The data below:
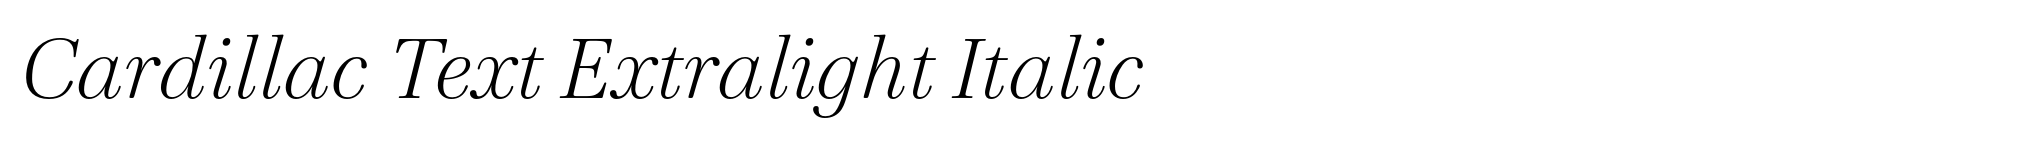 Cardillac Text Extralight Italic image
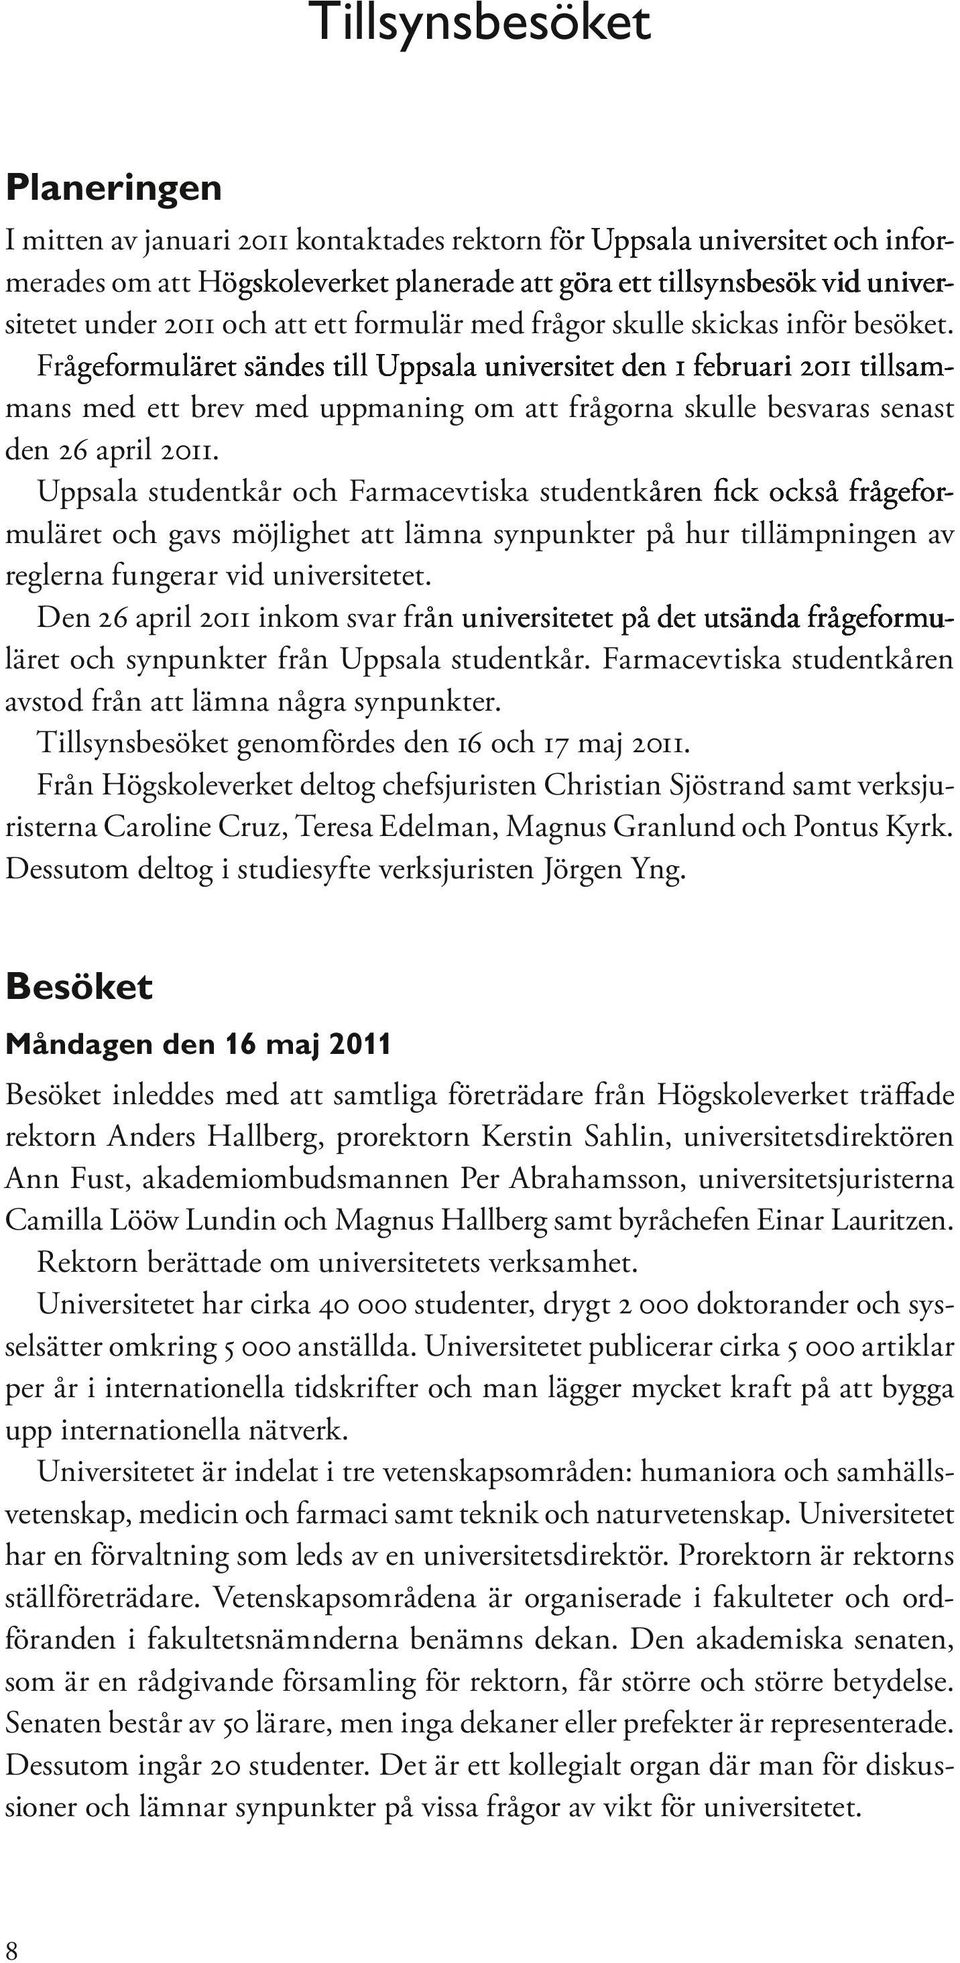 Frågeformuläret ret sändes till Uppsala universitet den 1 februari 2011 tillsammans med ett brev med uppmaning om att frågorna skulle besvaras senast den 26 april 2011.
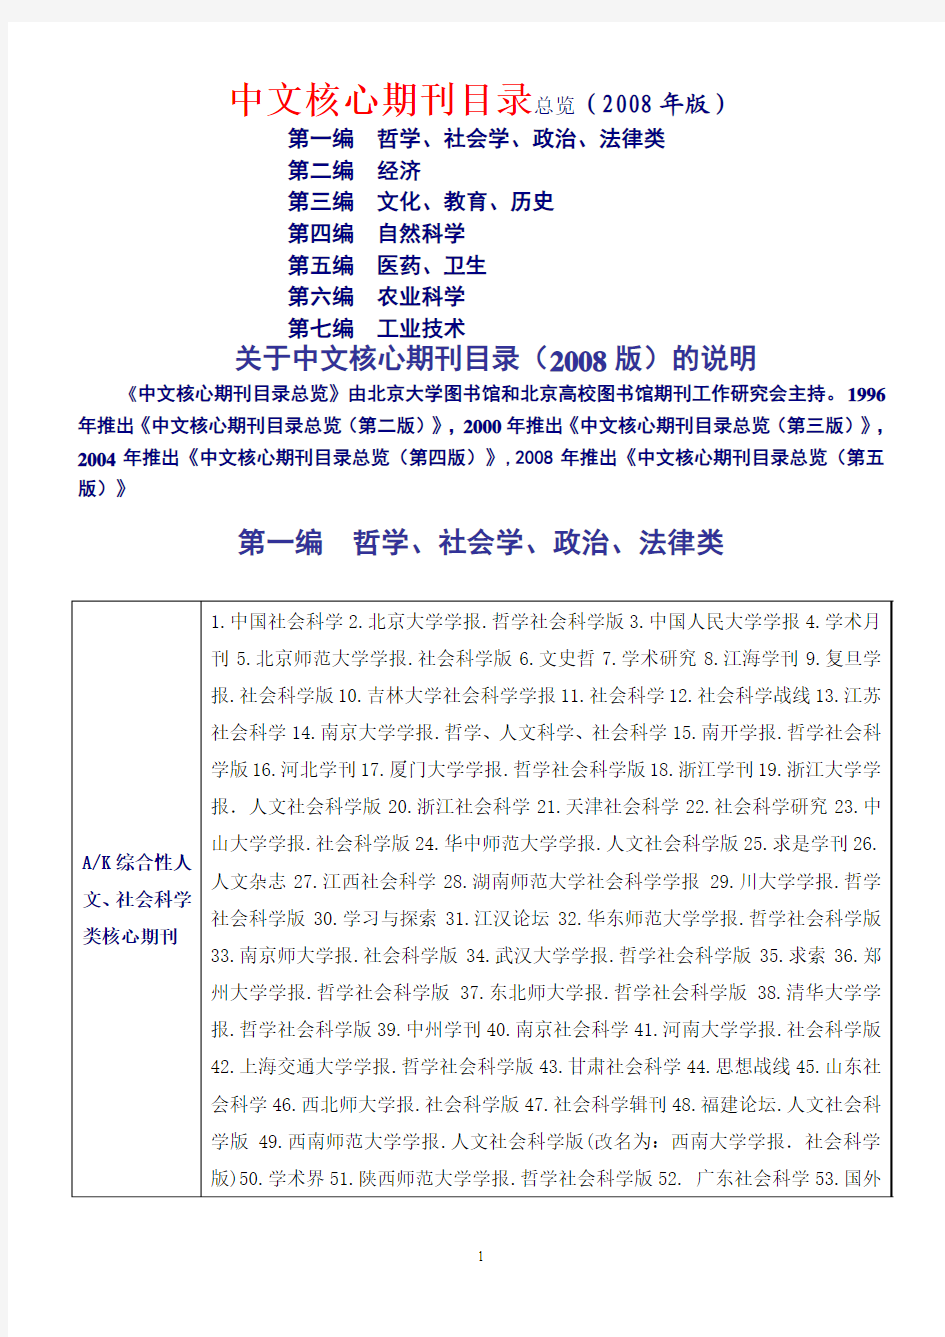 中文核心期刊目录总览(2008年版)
End of The data.
Apart from the images, please copy every line of the data exactly as written.

 Cardillac Text Extralight Italic image
 Frågeformuläret ret sändes till Uppsala universitet den 1 februari 2011 tillsammans med ett brev med uppmaning om att frågorna skulle besvaras senast den 26 april 2011.
 中文核心期刊目录总览(2008年版)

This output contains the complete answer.